** Dataset content follows **
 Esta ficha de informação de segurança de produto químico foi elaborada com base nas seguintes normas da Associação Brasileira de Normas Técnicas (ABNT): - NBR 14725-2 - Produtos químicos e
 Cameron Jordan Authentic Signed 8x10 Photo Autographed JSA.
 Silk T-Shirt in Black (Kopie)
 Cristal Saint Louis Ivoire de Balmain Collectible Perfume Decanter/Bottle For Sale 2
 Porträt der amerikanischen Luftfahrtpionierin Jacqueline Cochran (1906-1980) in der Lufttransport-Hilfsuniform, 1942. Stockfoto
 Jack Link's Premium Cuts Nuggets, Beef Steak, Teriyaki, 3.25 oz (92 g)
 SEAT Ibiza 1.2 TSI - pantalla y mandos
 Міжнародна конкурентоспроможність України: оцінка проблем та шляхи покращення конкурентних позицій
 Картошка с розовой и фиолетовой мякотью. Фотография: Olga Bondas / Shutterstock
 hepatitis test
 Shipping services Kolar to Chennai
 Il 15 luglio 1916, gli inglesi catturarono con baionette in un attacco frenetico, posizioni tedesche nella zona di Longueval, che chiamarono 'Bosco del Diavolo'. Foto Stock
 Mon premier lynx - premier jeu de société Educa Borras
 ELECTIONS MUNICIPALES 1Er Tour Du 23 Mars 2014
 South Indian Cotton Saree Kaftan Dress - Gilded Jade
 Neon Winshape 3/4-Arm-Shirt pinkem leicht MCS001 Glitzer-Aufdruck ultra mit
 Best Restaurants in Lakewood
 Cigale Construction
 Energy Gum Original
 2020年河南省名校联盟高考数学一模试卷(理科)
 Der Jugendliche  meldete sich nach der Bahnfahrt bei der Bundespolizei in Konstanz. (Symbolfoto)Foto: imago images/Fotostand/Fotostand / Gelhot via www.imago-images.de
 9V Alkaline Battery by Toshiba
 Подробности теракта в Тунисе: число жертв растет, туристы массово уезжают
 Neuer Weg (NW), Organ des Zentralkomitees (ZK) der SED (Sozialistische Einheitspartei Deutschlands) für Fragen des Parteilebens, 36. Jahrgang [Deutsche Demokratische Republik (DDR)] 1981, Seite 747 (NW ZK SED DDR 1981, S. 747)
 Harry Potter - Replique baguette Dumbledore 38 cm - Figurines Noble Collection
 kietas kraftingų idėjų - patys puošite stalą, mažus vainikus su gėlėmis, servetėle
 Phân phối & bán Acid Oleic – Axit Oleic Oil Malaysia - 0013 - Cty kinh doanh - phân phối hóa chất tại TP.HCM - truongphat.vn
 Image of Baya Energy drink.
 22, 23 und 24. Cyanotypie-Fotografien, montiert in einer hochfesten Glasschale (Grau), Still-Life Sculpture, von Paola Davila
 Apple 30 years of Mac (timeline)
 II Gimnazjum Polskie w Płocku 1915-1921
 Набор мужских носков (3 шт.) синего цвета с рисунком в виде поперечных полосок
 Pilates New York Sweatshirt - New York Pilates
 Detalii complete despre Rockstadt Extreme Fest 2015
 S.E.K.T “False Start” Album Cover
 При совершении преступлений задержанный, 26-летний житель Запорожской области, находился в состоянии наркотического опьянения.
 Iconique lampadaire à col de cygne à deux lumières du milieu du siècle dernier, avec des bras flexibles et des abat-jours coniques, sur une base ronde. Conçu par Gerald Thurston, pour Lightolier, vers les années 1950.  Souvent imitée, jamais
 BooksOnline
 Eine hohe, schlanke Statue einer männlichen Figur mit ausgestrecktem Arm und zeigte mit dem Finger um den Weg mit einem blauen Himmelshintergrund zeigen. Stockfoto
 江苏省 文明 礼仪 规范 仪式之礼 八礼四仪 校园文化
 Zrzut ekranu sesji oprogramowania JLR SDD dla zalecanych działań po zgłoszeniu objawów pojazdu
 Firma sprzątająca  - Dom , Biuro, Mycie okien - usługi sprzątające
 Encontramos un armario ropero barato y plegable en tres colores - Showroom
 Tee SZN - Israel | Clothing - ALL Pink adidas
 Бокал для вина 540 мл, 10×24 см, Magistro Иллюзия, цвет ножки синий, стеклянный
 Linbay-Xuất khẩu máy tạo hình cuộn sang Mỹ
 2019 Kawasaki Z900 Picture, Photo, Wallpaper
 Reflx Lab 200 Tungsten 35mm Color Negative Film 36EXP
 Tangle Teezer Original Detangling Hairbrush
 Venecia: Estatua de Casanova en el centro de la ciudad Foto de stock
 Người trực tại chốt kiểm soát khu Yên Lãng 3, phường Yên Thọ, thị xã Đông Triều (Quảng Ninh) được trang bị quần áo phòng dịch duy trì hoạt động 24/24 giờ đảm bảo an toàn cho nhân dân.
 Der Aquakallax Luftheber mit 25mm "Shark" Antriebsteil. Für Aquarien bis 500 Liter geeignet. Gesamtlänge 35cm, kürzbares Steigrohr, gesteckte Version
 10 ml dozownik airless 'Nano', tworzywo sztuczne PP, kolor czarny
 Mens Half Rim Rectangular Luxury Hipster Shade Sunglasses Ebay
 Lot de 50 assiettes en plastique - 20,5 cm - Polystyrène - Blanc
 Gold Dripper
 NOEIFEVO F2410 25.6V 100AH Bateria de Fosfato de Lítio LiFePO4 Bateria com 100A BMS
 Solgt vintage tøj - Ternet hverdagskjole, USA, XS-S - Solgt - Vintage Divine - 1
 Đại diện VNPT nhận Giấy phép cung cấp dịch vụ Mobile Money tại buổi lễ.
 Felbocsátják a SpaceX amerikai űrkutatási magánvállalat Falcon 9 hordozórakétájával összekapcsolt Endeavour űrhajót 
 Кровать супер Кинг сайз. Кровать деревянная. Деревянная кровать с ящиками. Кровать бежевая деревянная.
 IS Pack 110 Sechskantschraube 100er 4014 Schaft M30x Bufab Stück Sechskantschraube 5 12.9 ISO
** End of Dataset content **
§ **Exercise**
What is the number of lines in the entries above that contain the string "Original"? Reply with the number and nothing more.

§ **Written answer**
2